__WORK INSTRUCTION__:
Copy the data below exactly, omitting any picture it contains.

__GIVEN MATERIAL__:
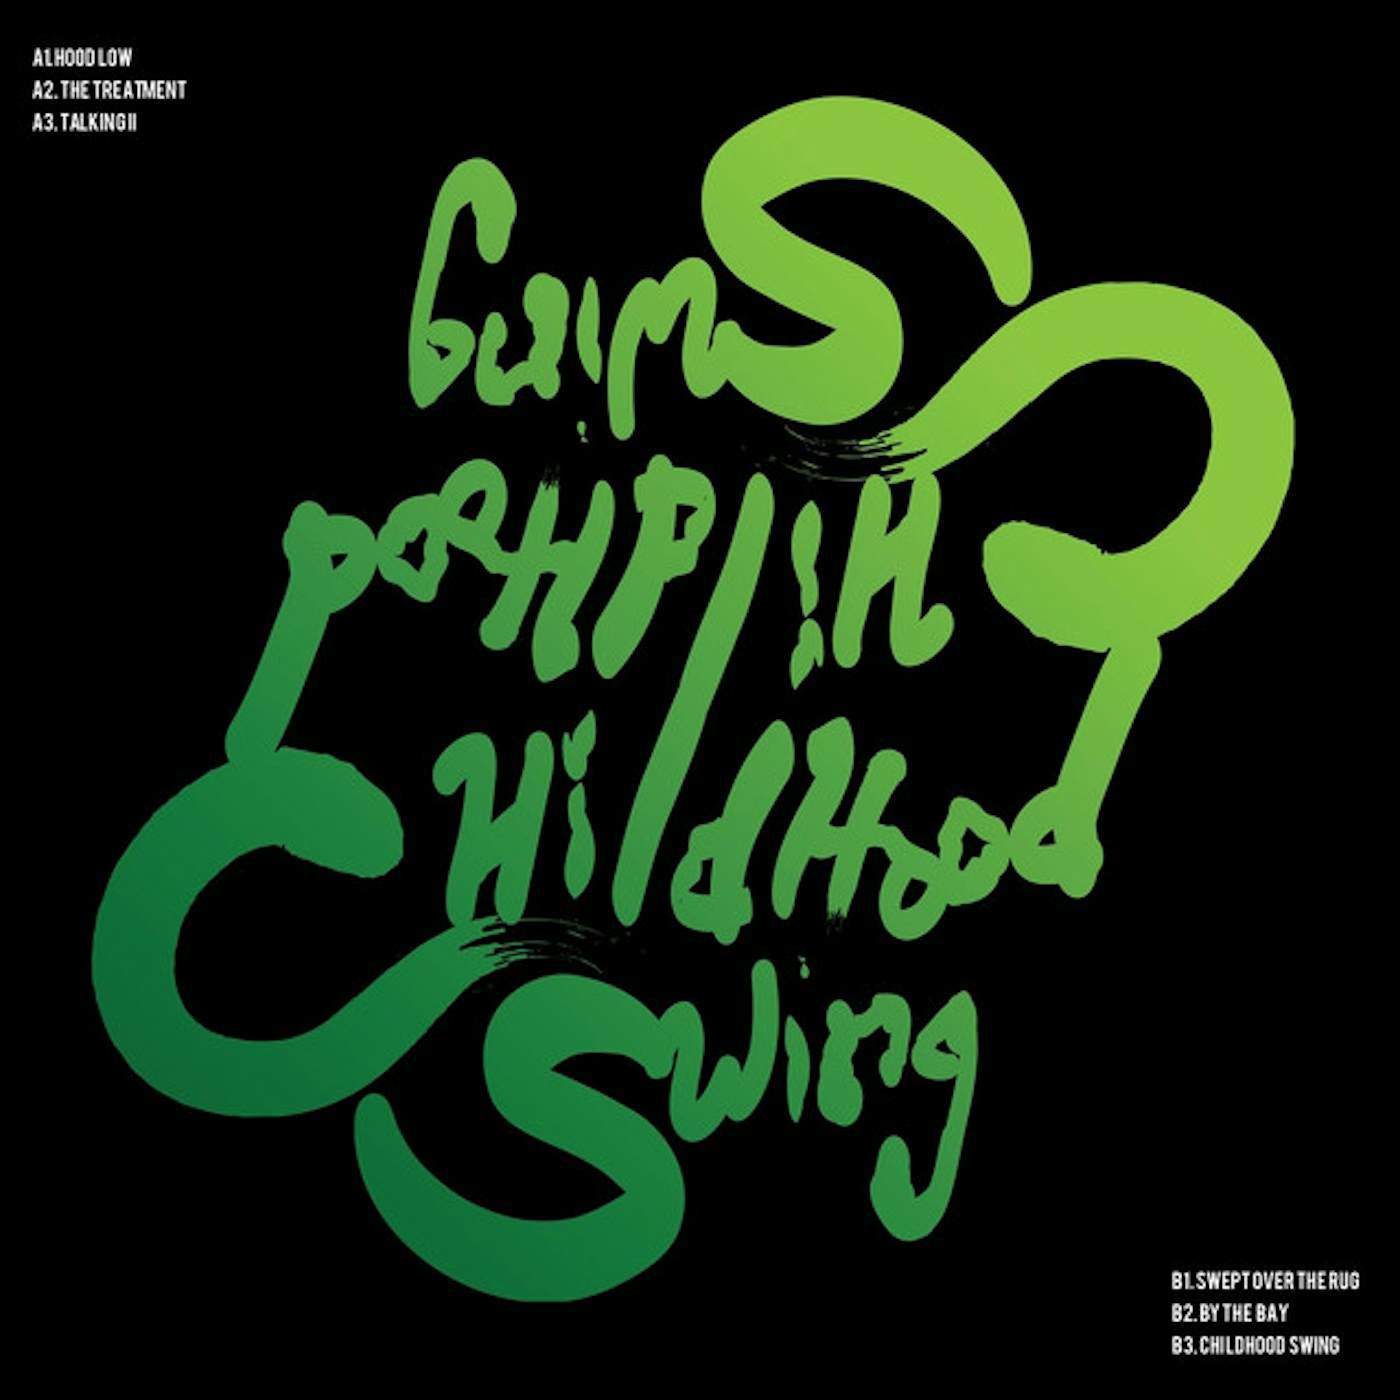 Tairiq & Garfield Childhood Swing Vinyl Record
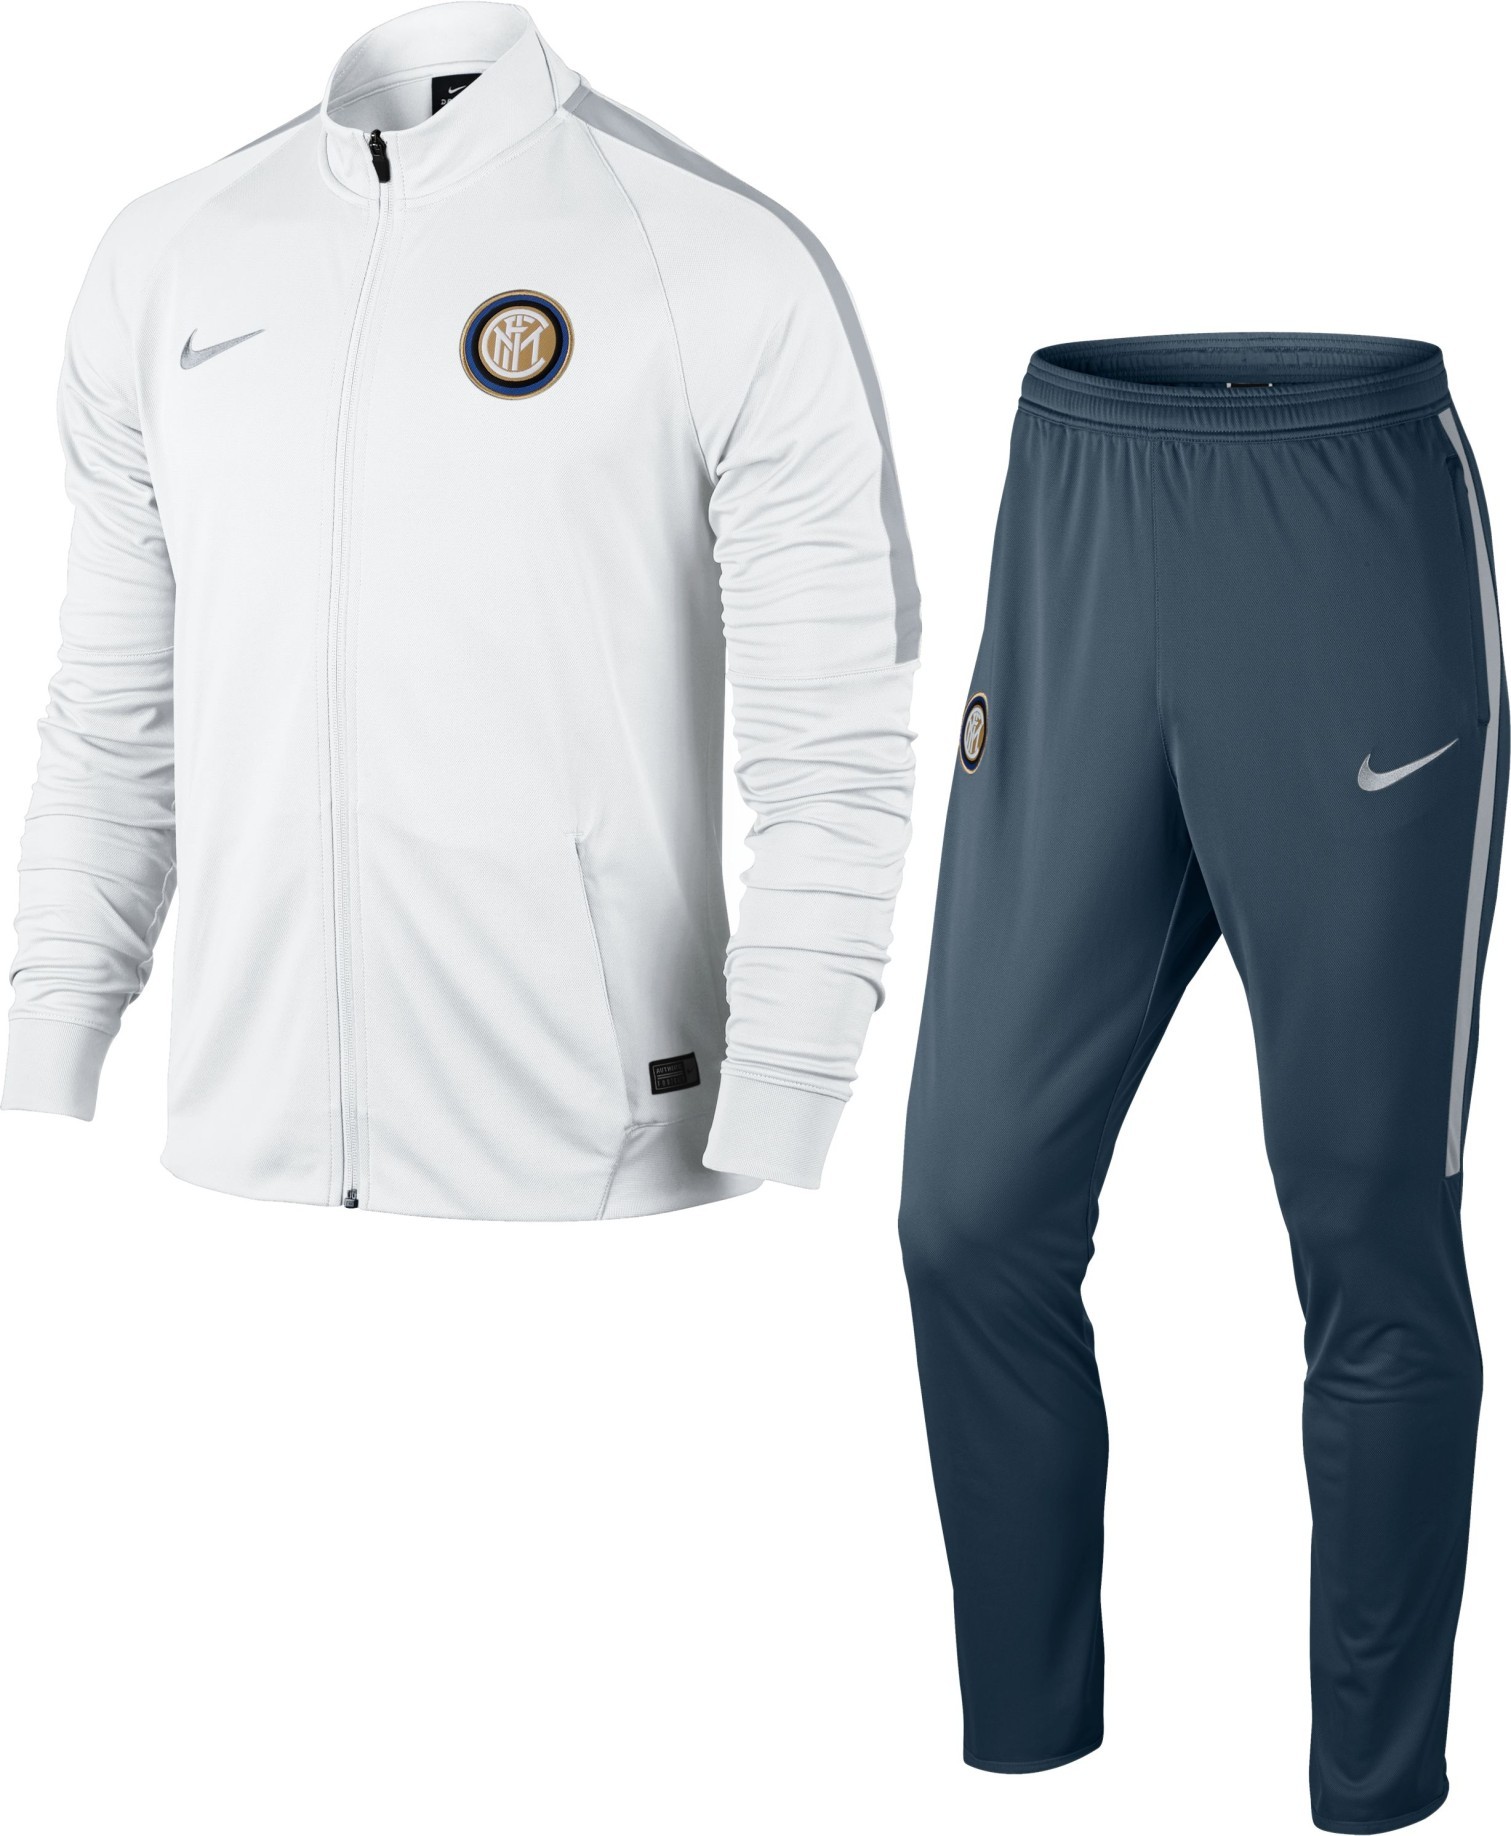 Tuta Inter pre-match Squad suit 16/17 colore Bianco Blu - Nike
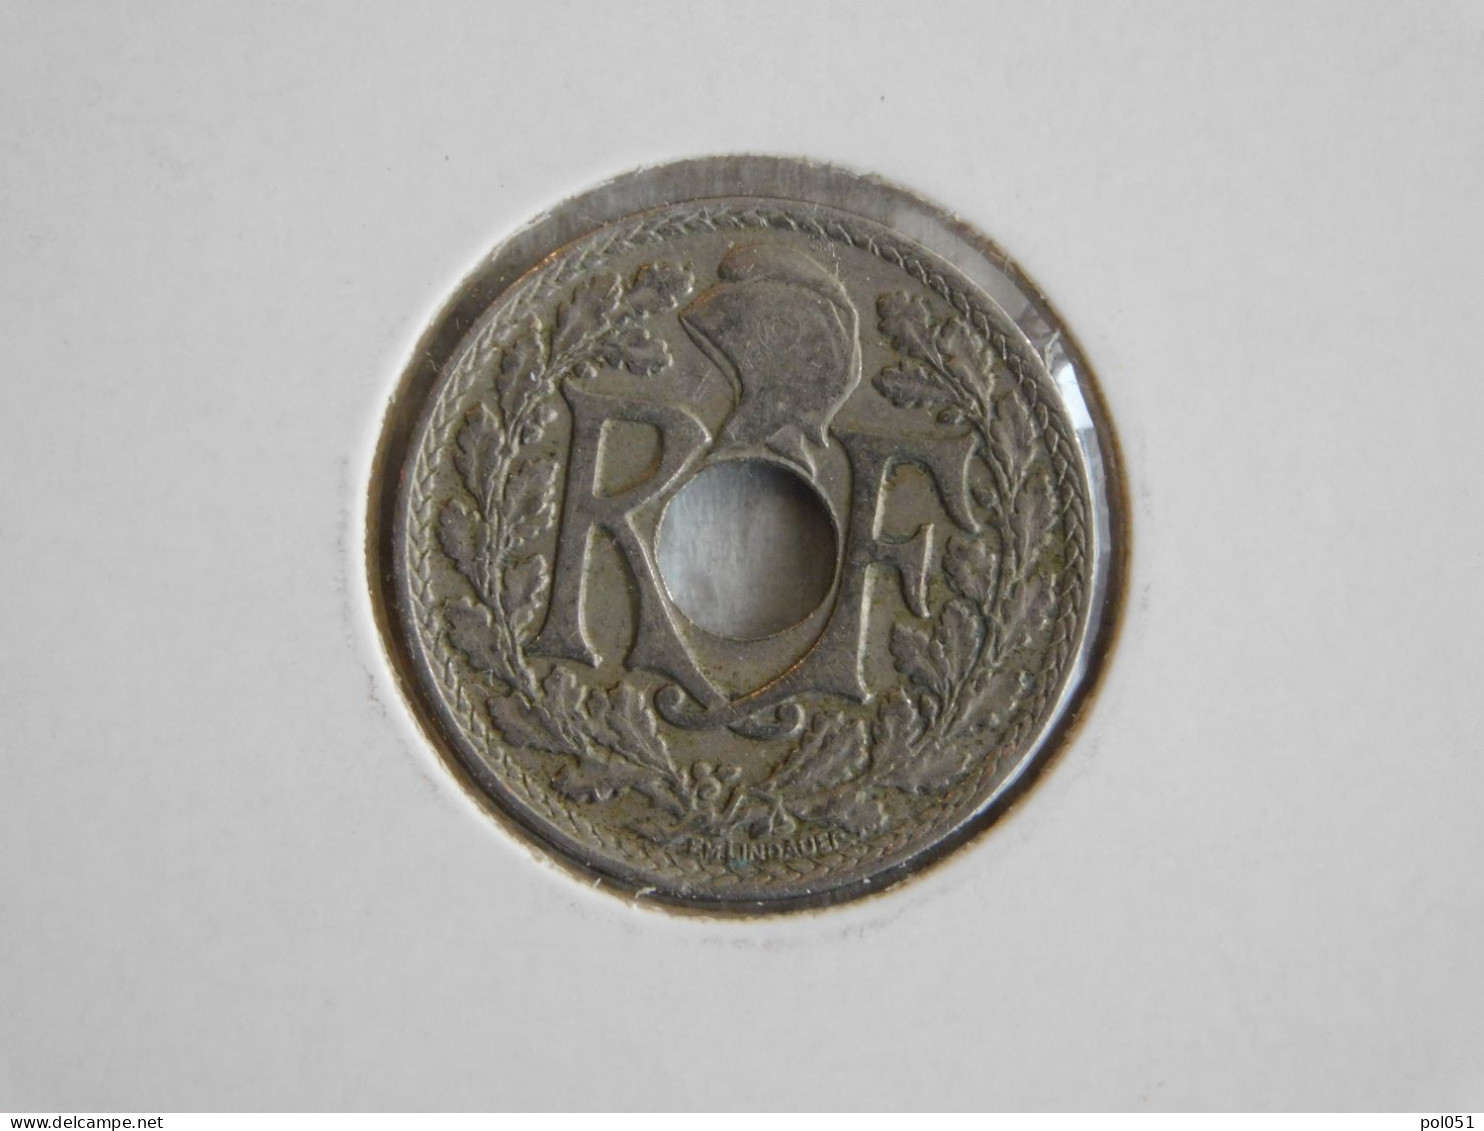 France 10 Centimes 1923 LINDAUER  (349) - 10 Centimes

__RESPONSE TO THIS EXERCISE__:
 Tairiq & Garfield Childhood Swing Vinyl Record
 Tuta Inter pre-match Squad suit 16/17 colore Bianco Blu - Nike
 France 10 Centimes 1923 LINDAUER  (349) - 10 Centimes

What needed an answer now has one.